You can find this new gem under the “about” section of your profile. Then, click “edit” under “work and education.” Now, you can start typing in skills. However, this is not just a box to enter your skills and impress your friends. Once you have entered skills, they become very much like LinkedIn: you are connected to other people who have your same skills, only via Facebook pages. This allows employers to see what qualifications a candidate possesses. And once a professional skill is tagged, the user’s profile becomes effortlessly accessible through a “graph search.”
What does this really mean for you and your business?

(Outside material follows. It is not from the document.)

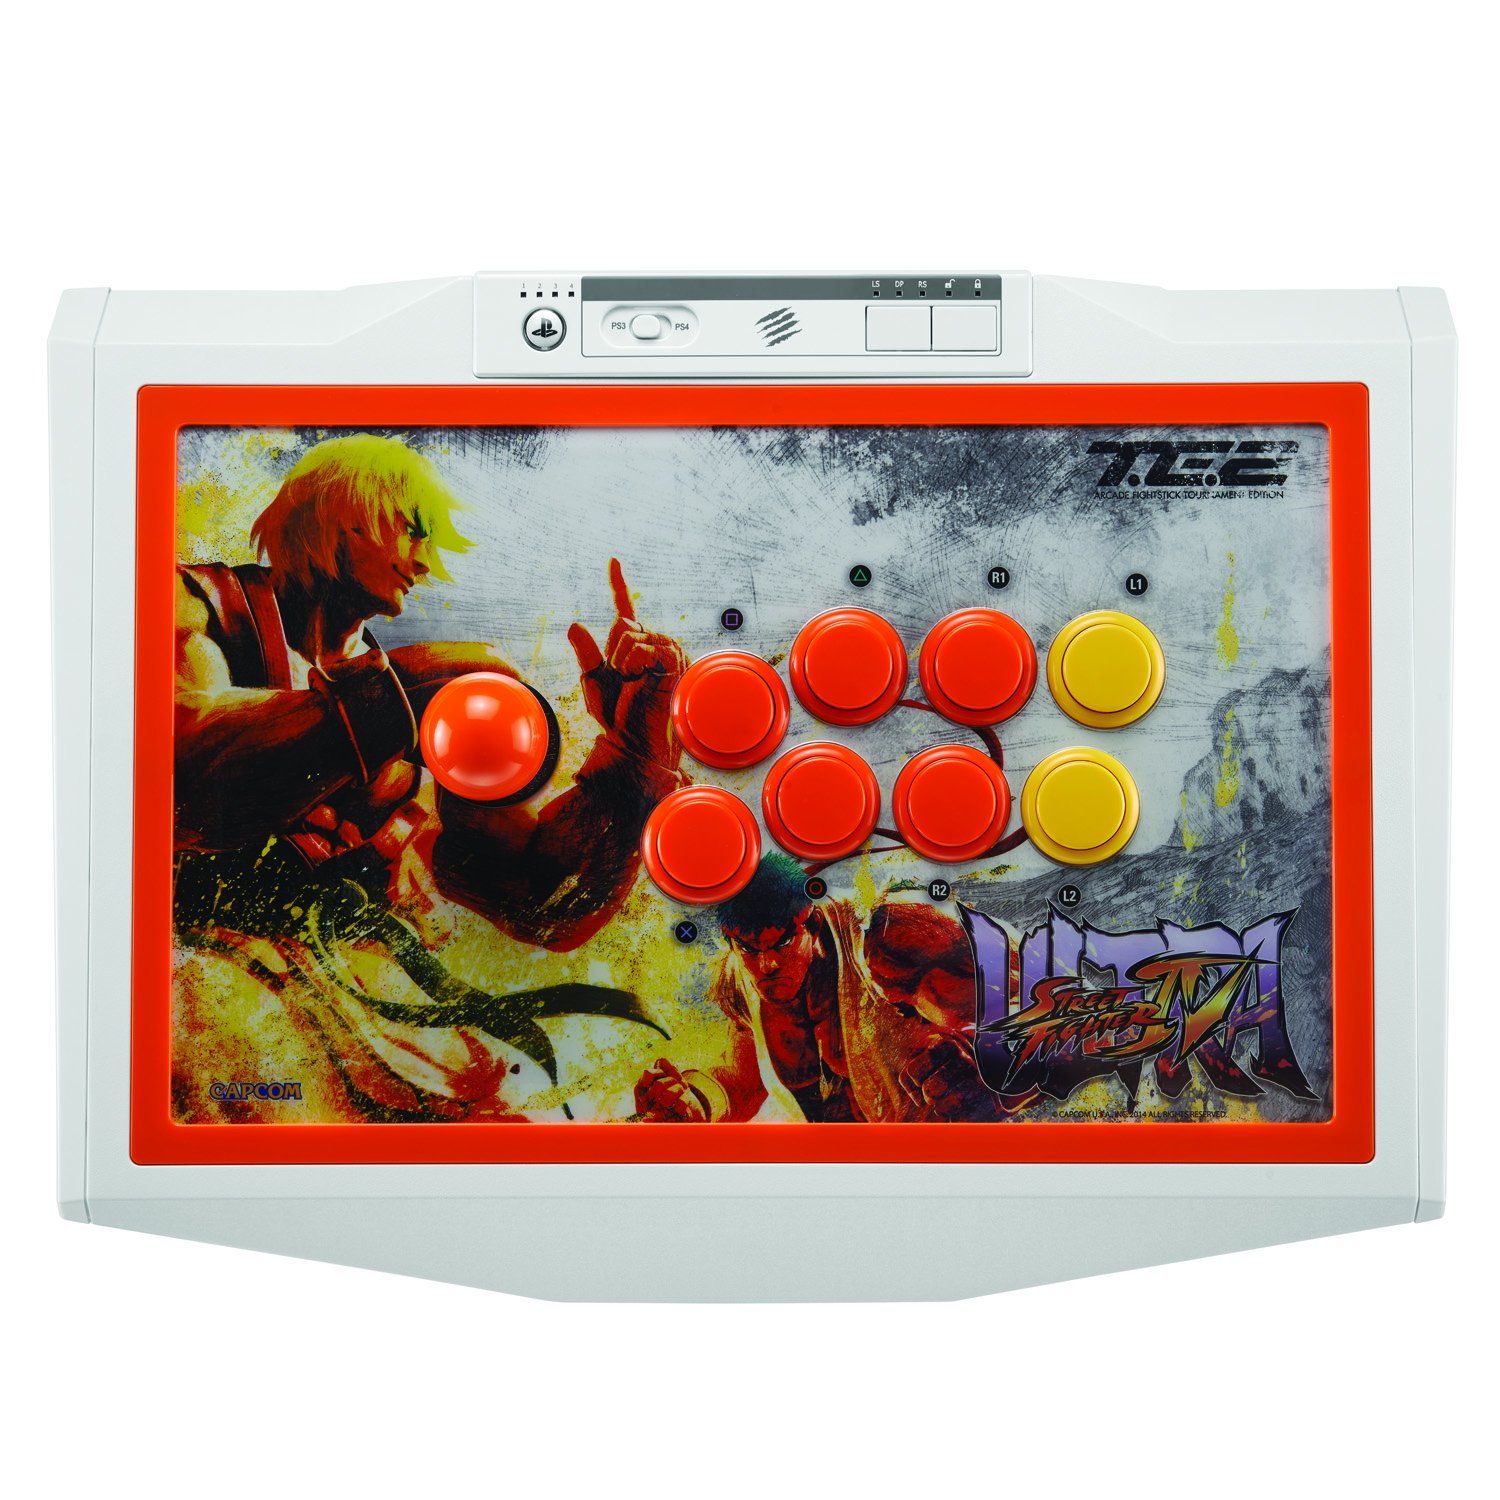 Mad Catz - Ultra Street Fighter IV Arcade FightStick Tournament Edition 2 - [PS4]

You need to add a skill set to your own Facebook page to ensure that you are connected with the right people. It is important to do more than just add the skills in to the box; you should be using these new connections to their full potential. You can use these skills for fact checking, recruitment, and retention.
For example, if you are connected to existing employees and their skill set does not even resemble the job they do for you, this could signal you are about to lose a member of your team. By the same token, this is a great way to find a freelancer or new employee.
You can add and remove skills as necessary, making this a very useful way to find people. However, you could also get users who use this new feature for entertainment purposes. Soon you will see “Final Cut proficient” with “gangnam style master.”
It should also be noted that Facebook savvy users, or users who simply enjoy their privacy, can turn this feature from the default “public” setting, to “private.” This, of course assumes they want to, and since most people come to Facebook to share, I would imagine the majority of users will leave the setting “public.”
And this could be the biggest hurdle to this new feature: mixing your personal life with your professional life. Is it a bad idea? Or is it becoming necessary to remain a part of the competitive job market? I think only time will tell.